To estimate the numbers and proportions of cancers occurring in Australia in 2010 attributable to modifiable causal factors.

Methods:

We estimated the population attributable fraction (PAF) of cancers associated with exposure to 13 causal factors using standard formulae incorporating exposure prevalence and relative risk data. We also calculated the potential impact of changing exposure to some factors.

Results:

A total of 32% of all cancers diagnosed in Australia in 2010 (excluding keratinocyte cancers) were attributable to the 13 factors assessed (men 33%; women 31%).
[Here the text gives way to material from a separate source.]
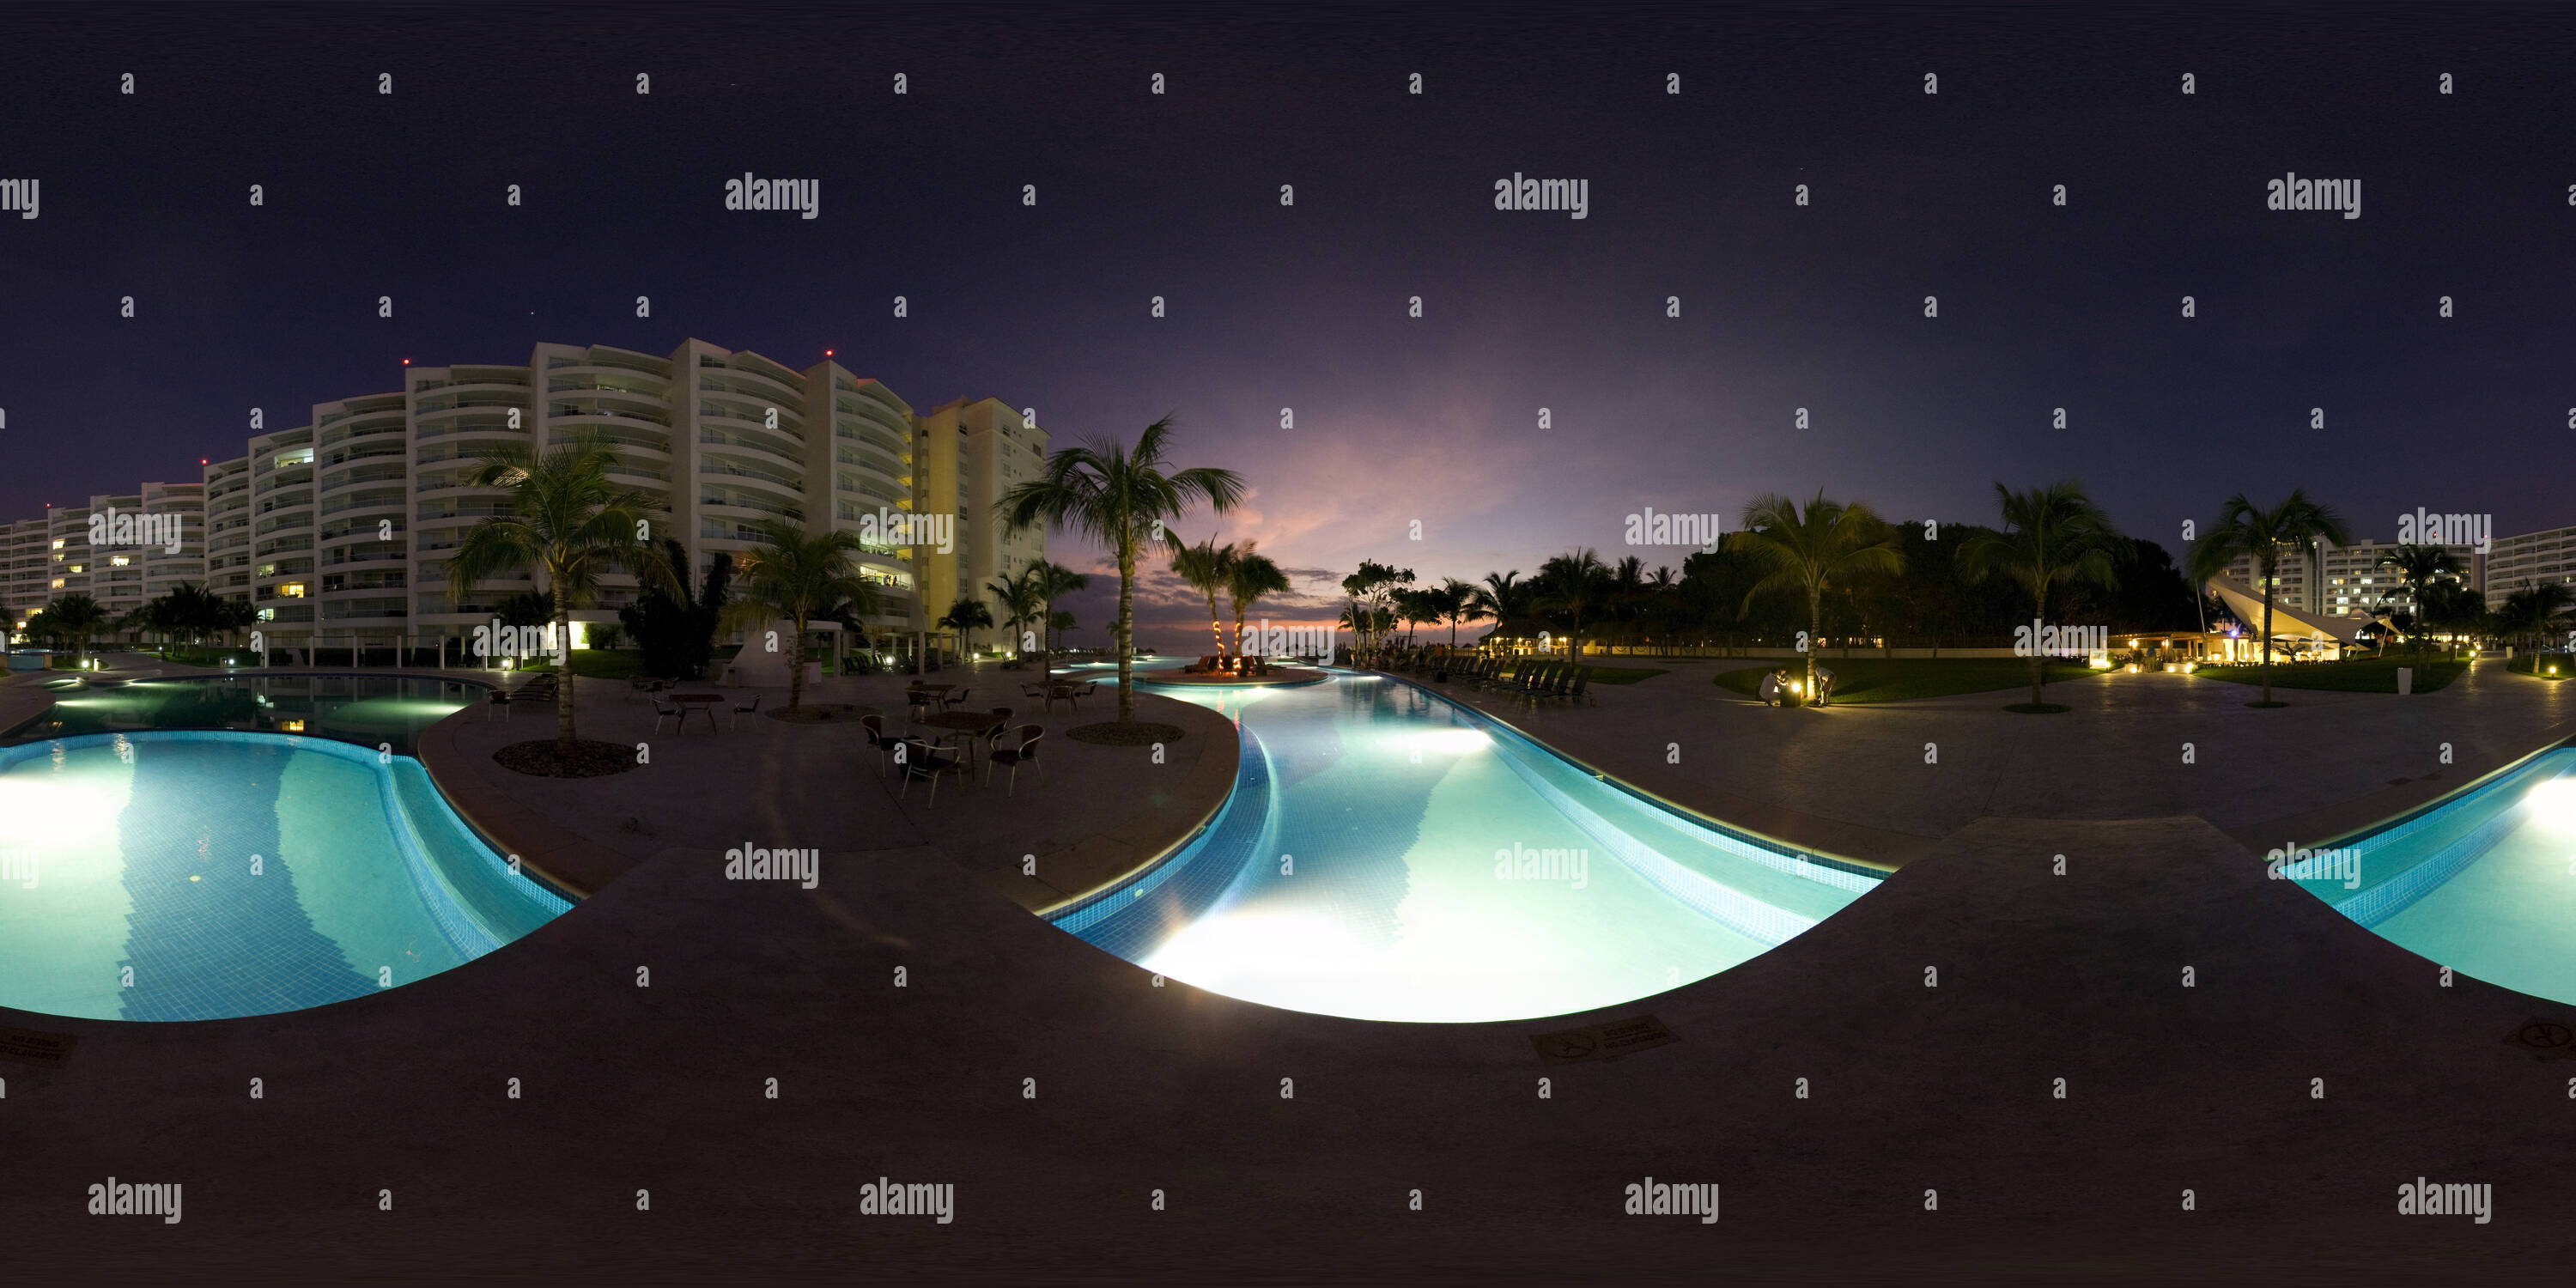 Vue panoramique à 360° de Dreams Resort piscine la nuit
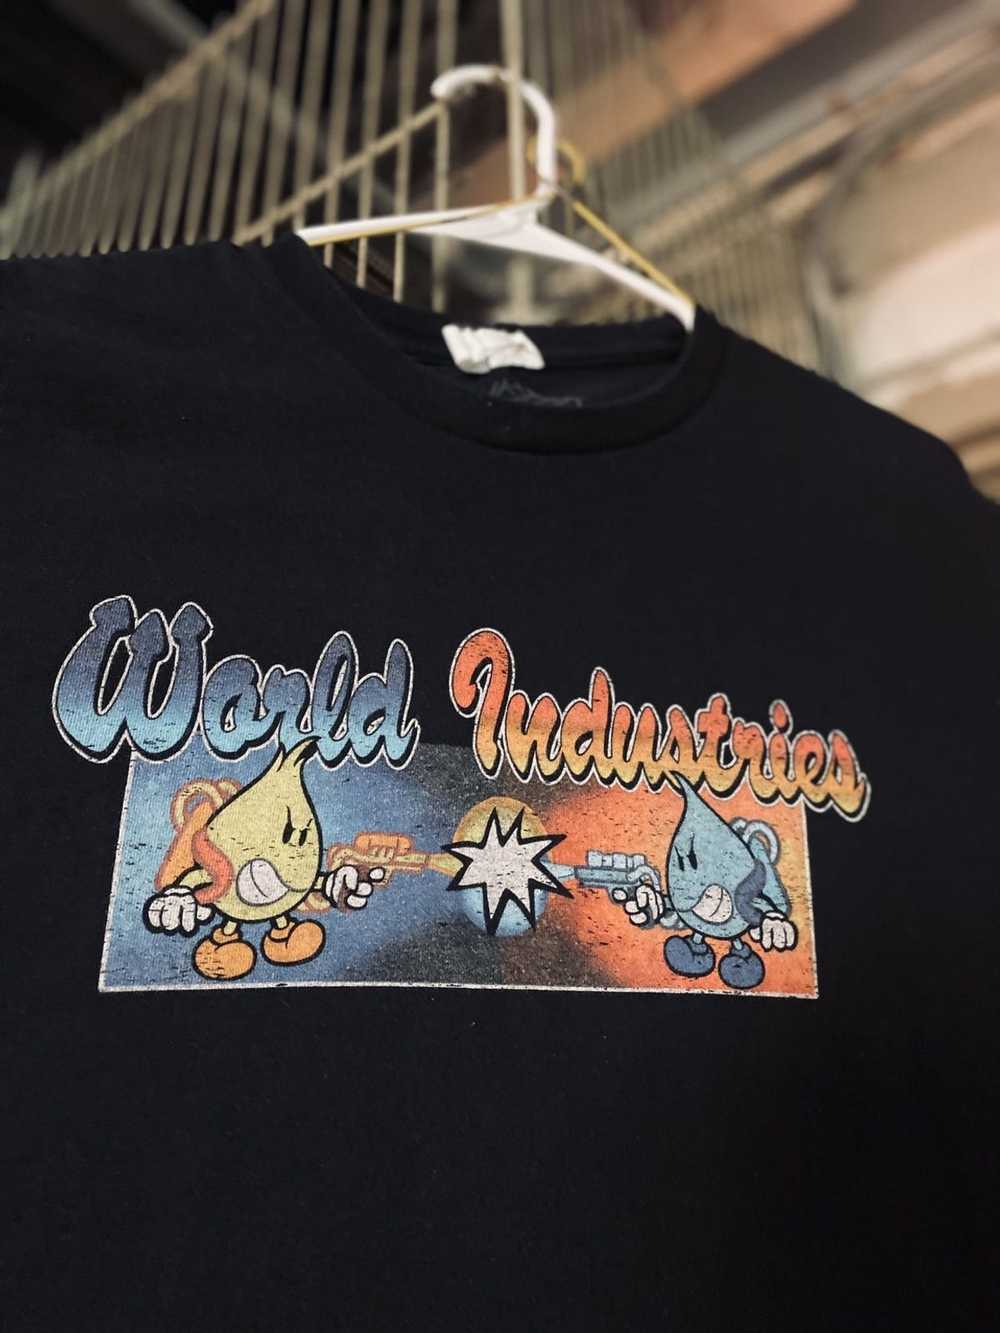 World industries t shirt - Gem

Leading factors were tobacco smoke (PAF all cancers: 13.4%), solar radiation (6.2%), inadequate diet (6.1%) and overweight/obesity (3.4%). Factors conferring highest PAFs differed by sex: highest PAFs for men were tobacco smoke (15.8%), solar radiation (7.1%) and alcohol (3.0%); while highest PAFs for women were tobacco smoke (10.1%), solar radiation (5.0%) and overweight/obesity (4.5%). Sites with the highest counts of potentially preventable cancers were lung (8,569), colorectal (7,404), melanoma of the skin (7,220) and breast (3,233).

Conclusions:

At least one in three cancers in Australia is attributable to exposure to known modifiable factors.

Implications:

Up to 37,000 cancers could be prevented in Australia each year if the population avoided exposure to 13 common factors known or strongly suspected to cause cancer.